The first socialist reformer, while he intends to dispossess the capitalist of the means of production, cannot do it by confiscating them into the public hands of the state. Belloc cites the earlier universal respect for property, which gives the public a distaste for nationalization, and the reluctance of the capitalist to hand over his productive property. A rational socialist will realize that this seizure is impossible and attempt to "buy out" the means of production. Belloc believes that the socialist believes this is possible only "based upon an economic error". The capitalist class then sees that the reformer can be used to strengthen his own position. Collectively, capitalists agree to certain duties – such as providing occupational health and safety and a minimum wage – and discharge them in exchange for certain rights and privileges, giving them an institutionalized role within the state; by securing institutional protections for duties that overall benefit him, owners of the means of production insulate themselves from external pressures they would otherwise face. Although this works to the benefit of the capitalist, Belloc believes this kind of socialist acts in good faith, writing:

In this way the Socialist whose motive is human good and not mere organisation is being shepherded in spite of himself away from his Collectivist ideal and towards a society in which the possessors shall remain possessed [and] the dispossessed shall remain dispossessed [...] At the end of the process you will have two kinds of men, the owners economically free, and controlling to their peace and to the guarantee of their livelihood the economically unfree non-owners. But that is the Servile State.

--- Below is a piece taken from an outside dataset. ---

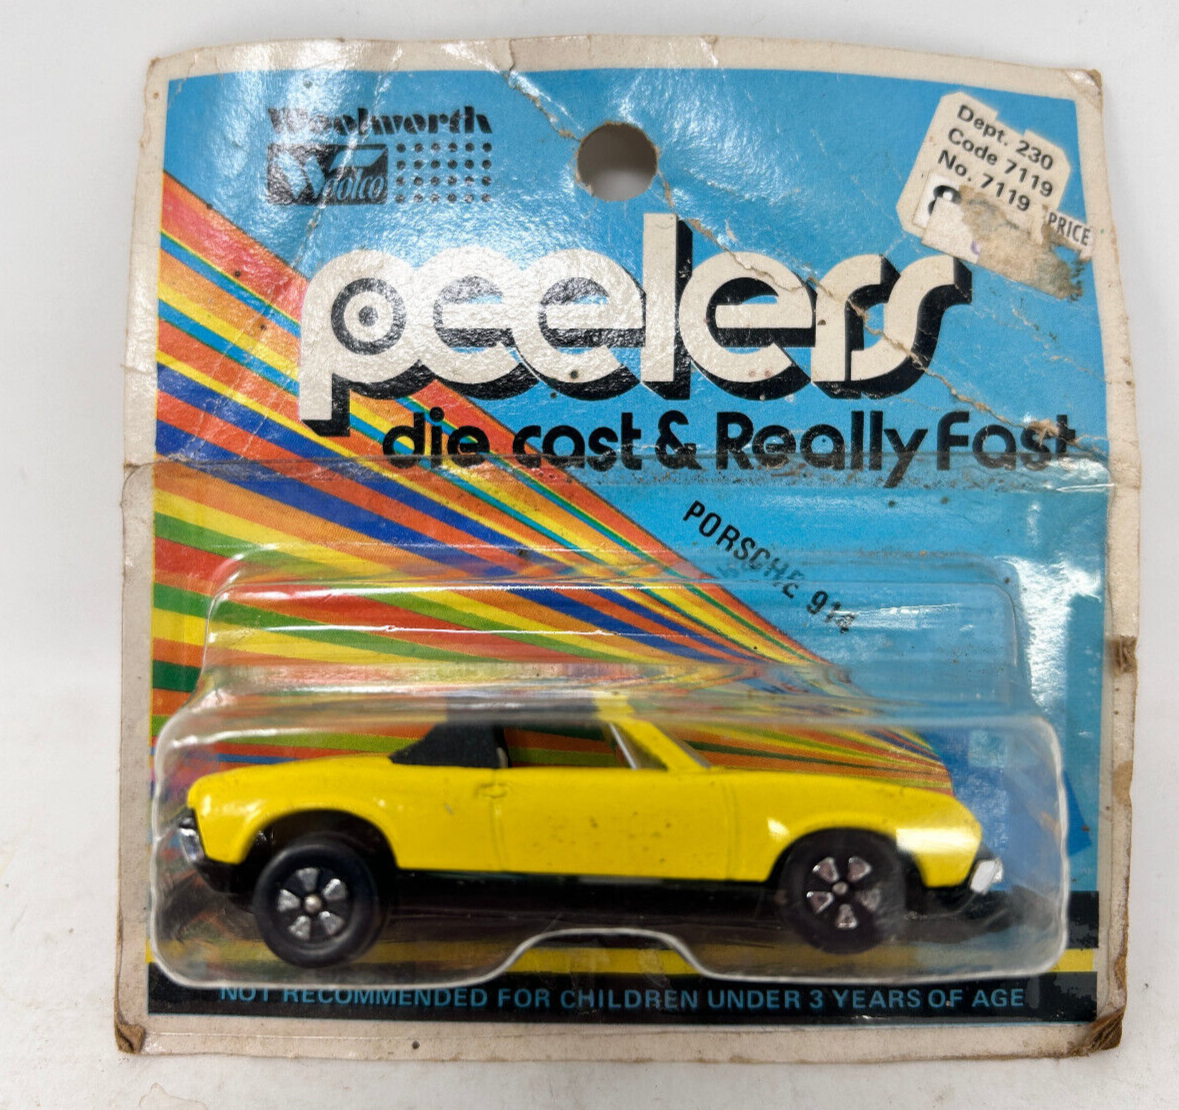 Primary image for Woolworth Woolco Peelers Yellow Porsche 914 Playart Damaged Card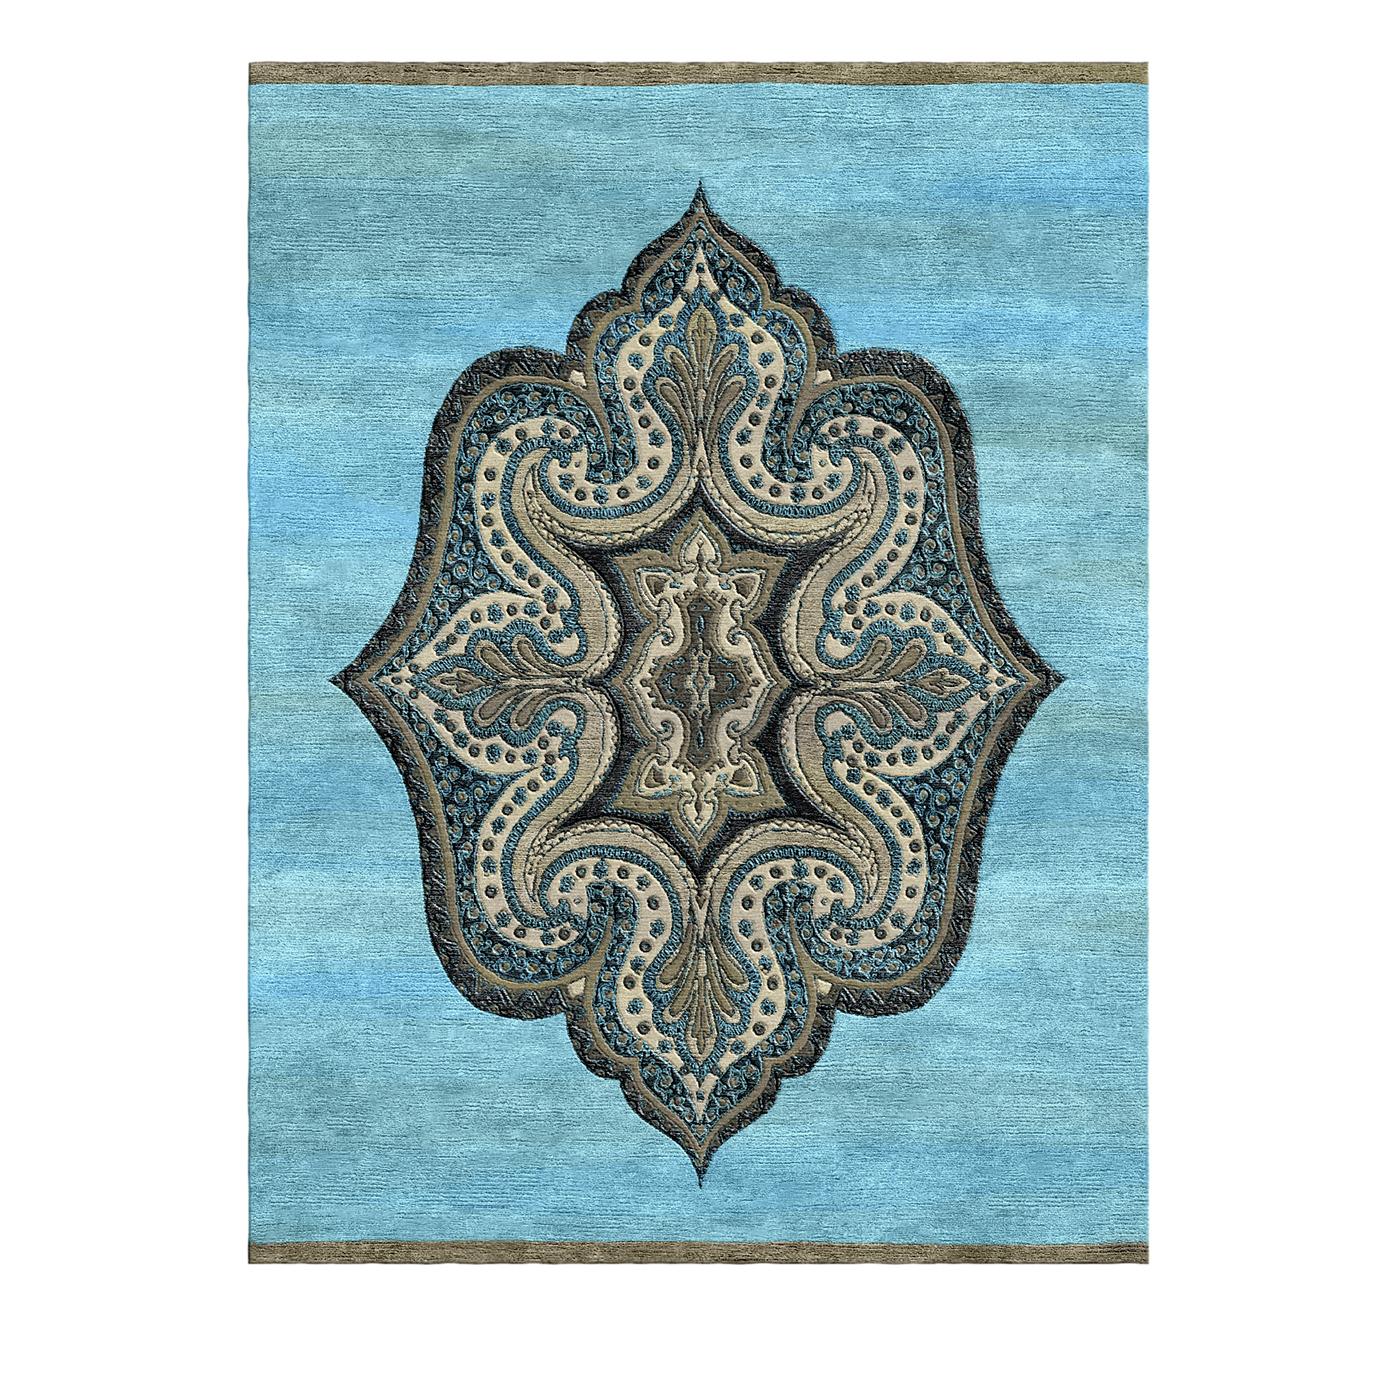 This exceptional rug is handmade in India with Tibetan knotting techniques. The mandala design showcases a kaleidoscope-inspired pattern distinguished for its elaborate scroll and frond motifs. Lavishly rendered in rich hues of bright blue and gray,

Belloc refers to this process as "canalization". The term serves as a metaphor to describe how capital, with or without forethought to do so, makes certain concessions to labor, which over the long-term secure the capitalist class as an institutionalized addendum of the state. He describes it thus:

This idealist social reformer, therefore, finds the current of his demand canalised. As to one part of it, confiscation, it is checked and barred; as to the other, securing human conditions for the proletariat, the gates are open. Half the river is dammed by a strong weir, but there is a sluice, and that sluice can be lifted. Once lifted, the whole force of the current will run through the opportunity so afforded it; there will it scour and deepen its channel; there will the main stream learn to run.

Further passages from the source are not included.